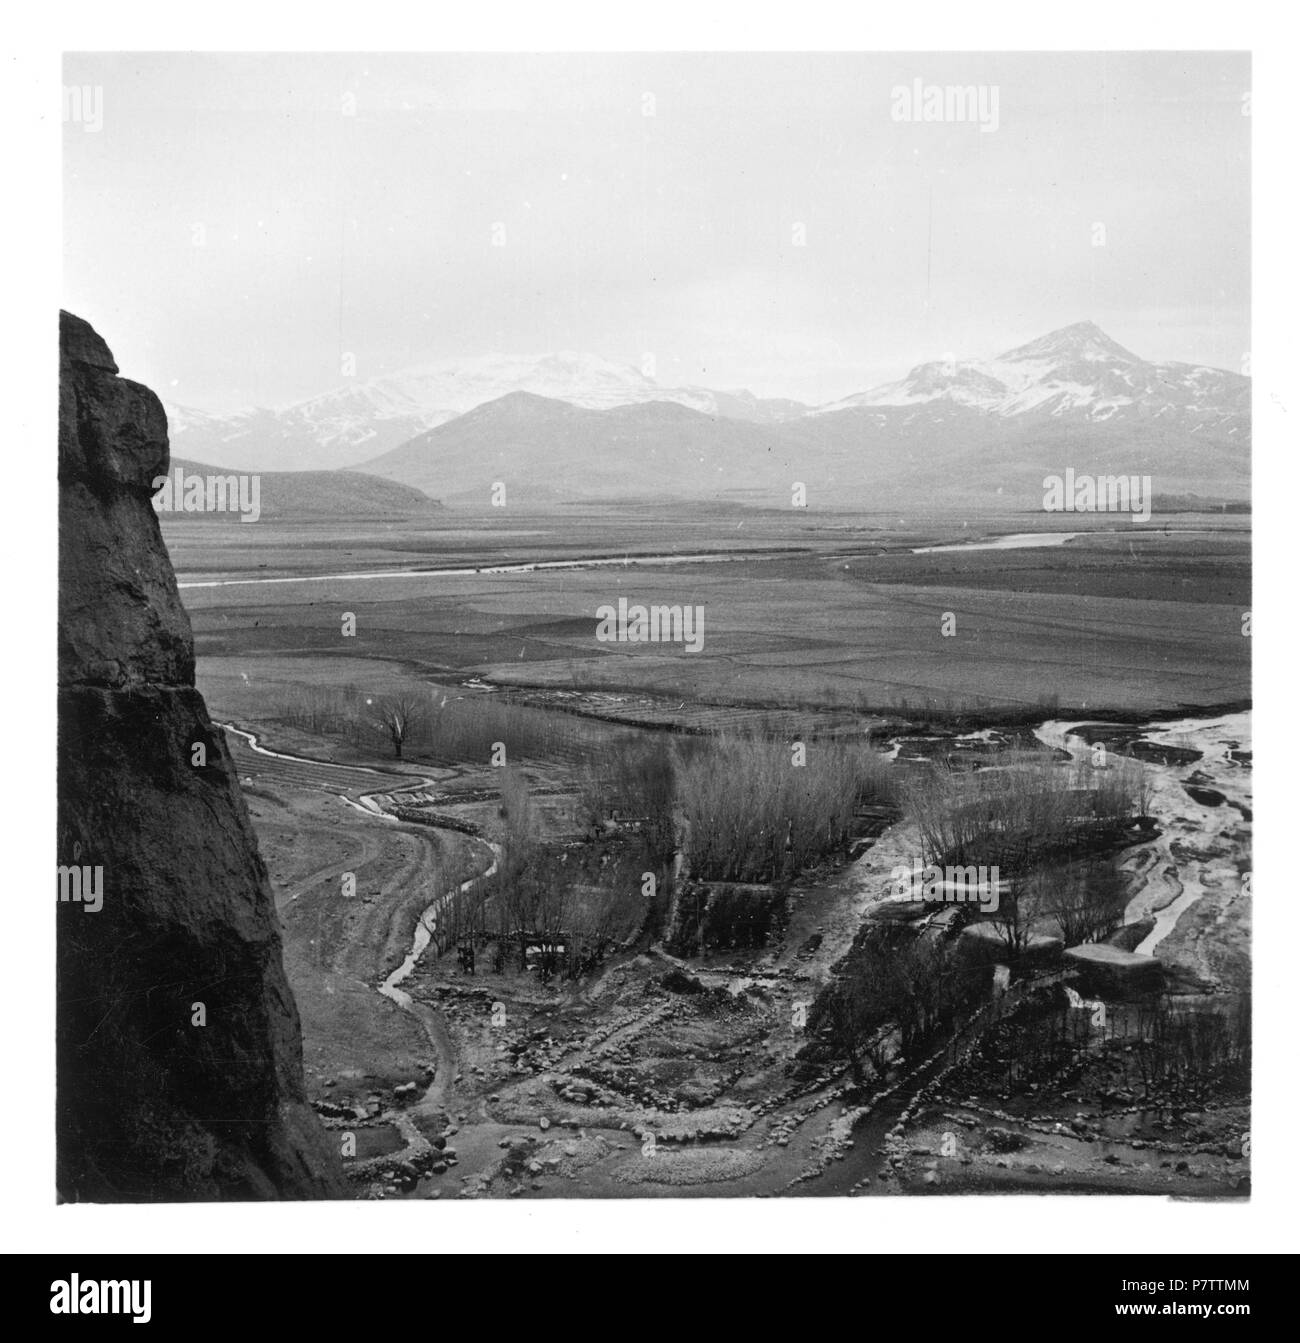 Persien, Bisutun: Landschaft; Karge Ebene mit Fluss im Hintergrund Bergketten. from 1933 until 1934 76 CH-NB - Persien, Bisutun- Landschaft - Annemarie Schwarzenbach - SLA-Schwarzenbach-A-5-04-030 Stock Photo
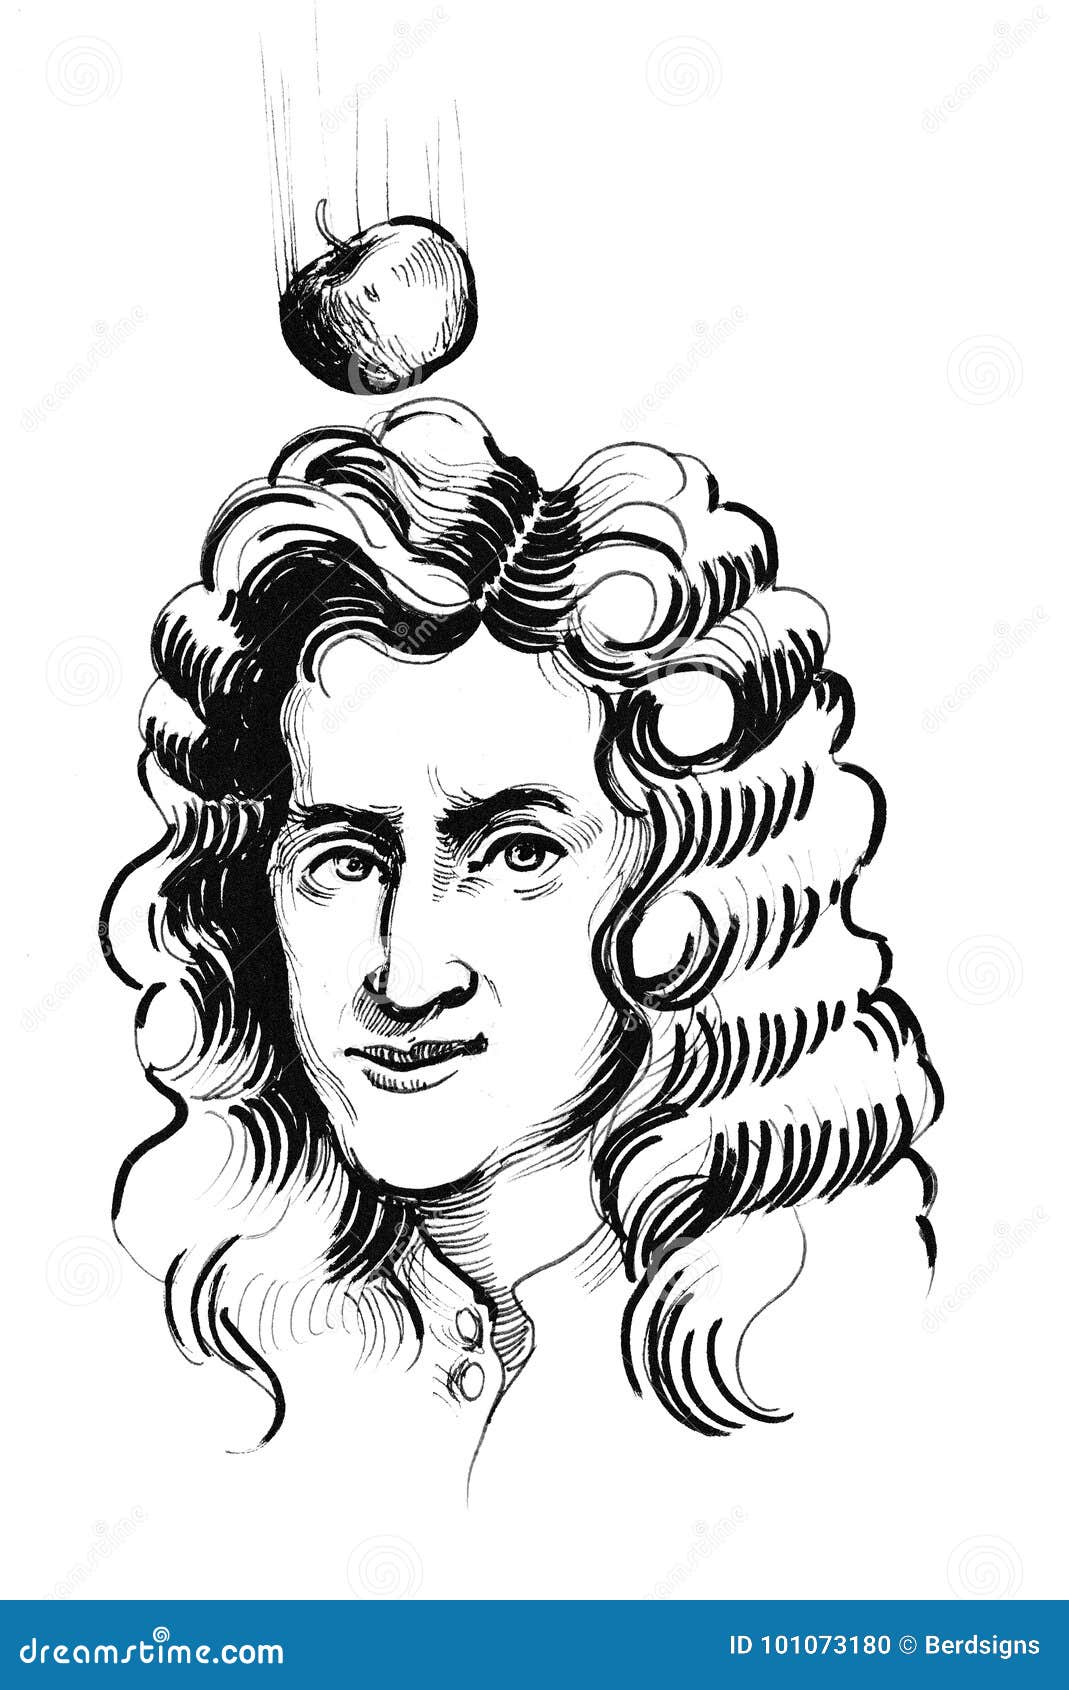 Sir Isaac Newton stock illustration. Illustration of isaac - 101073180
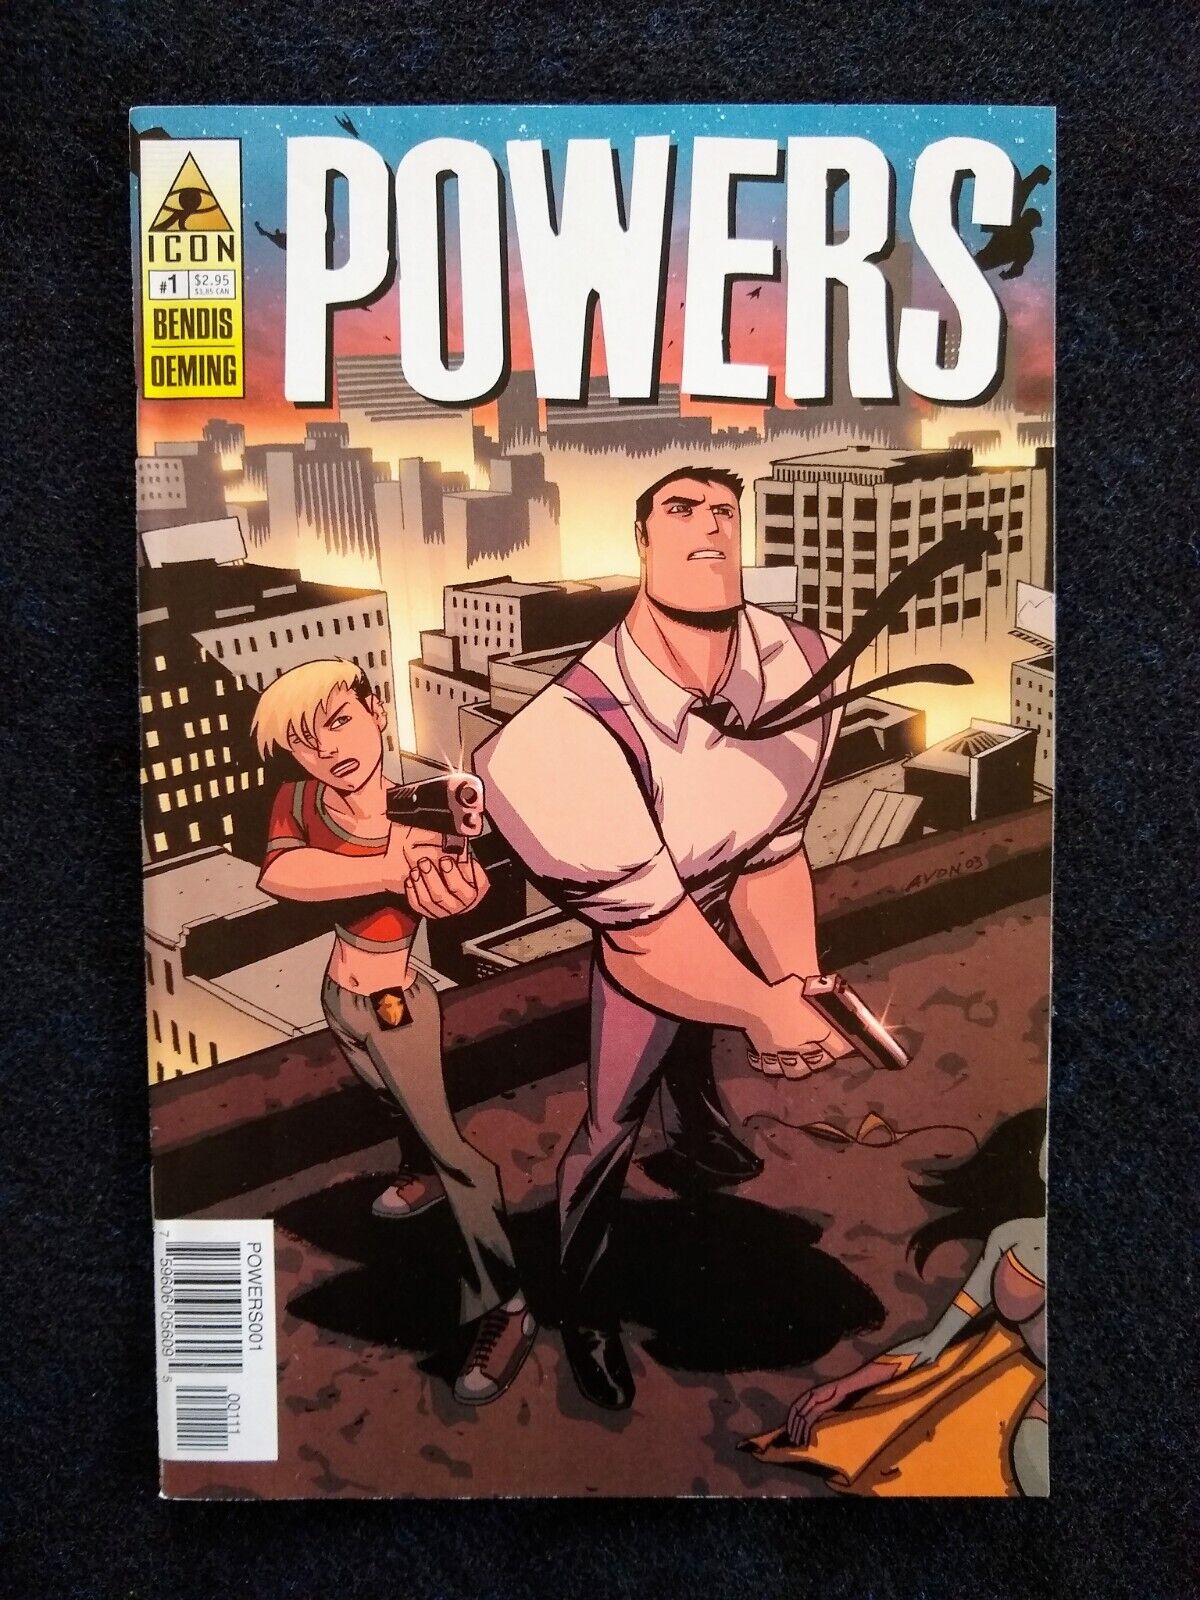 Powers #1 Vol 2 Image Comic Book 2004 Brian Michael Bendis, Mike Avon Oeming.

### TASK BRIEF
The required output is every line of the data above, set down exactly and stripped of pictures.

### RESPONSE AREA
 Persien, Bisutun: Landschaft; Karge Ebene mit Fluss im Hintergrund Bergketten. from 1933 until 1934 76 CH-NB - Persien, Bisutun- Landschaft - Annemarie Schwarzenbach - SLA-Schwarzenbach-A-5-04-030 Stock Photo
 Sir Isaac Newton stock illustration. Illustration of isaac - 101073180
 Powers #1 Vol 2 Image Comic Book 2004 Brian Michael Bendis, Mike Avon Oeming.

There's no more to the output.